Borderline personality disorder is a complex phenotype and etiological trajectories leading to BPD are invariably characterized by equifinality and multifinality (
Beauchaine et al. 2009). However, affective dysregulation is a core feature of BPD, with one study finding that 90% with the diagnosis meet this criterion (
Zanarini et al. 2004). Moreover, affective instability is the diagnostic feature associated most strongly with treatment utilization among those with BPD (
Bagge et al. 2005).
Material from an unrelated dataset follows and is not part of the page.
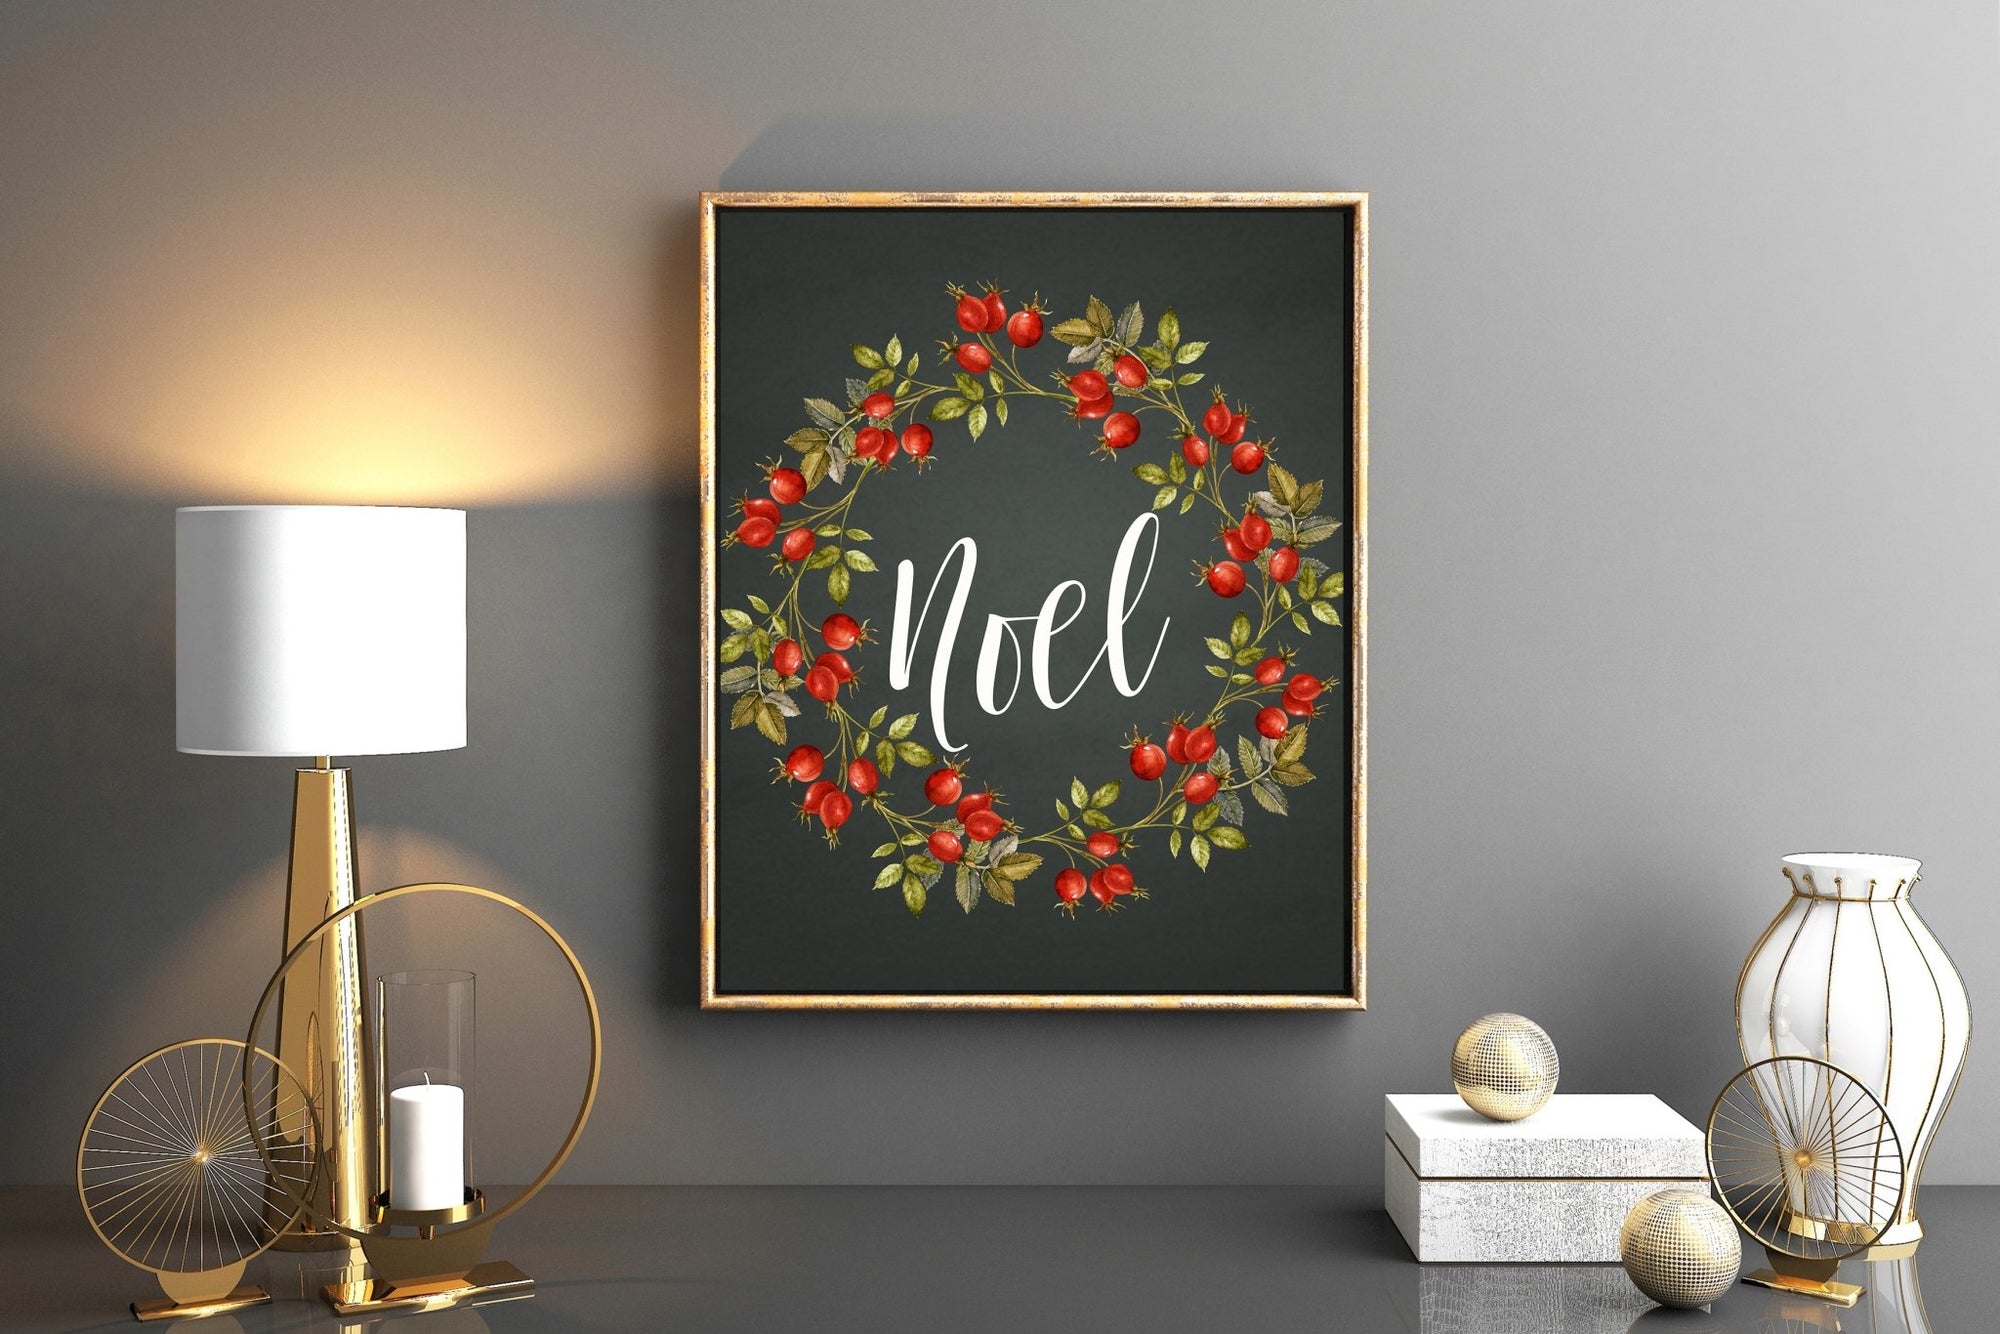 Noel Wall Art - FREE Printable - Pretty Collected

For these reasons, trajectories leading to dysregulated emotion likely overlap with those that lead to BPD (
Lieb et al. 2004). Social baseline theory couches emotion dysregulation within an interpersonal context. This is consistent with findings that the developing frontolimbic system is affected by environmental inputs, such as the availability of caregivers to skillfully co-regulate a child’s emotional distress (e.g.,
Belsky and de Haan 2011;
Roth and Sweatt 2011; see also
Mead et al. 2010 for a review).
Current understanding of borderline personality development could be enriched by incorporating some of the key assumptions of SBT.
First, the early attachment relationship serves as the initial source of co-regulation. Filial bonding typically occurs quickly and unconditionally during a period of rapid neural development. During this time, neural links are formed between the PFC and structures that underlie emotion and memory (e.g., amygdala, nucleus accumbens, hippocampus;
Coan 2008;
Hofer 2006). This may contribute to early variability in assumptions about the social world and the perceived likelihood of experiencing co-regulation during emotional situations.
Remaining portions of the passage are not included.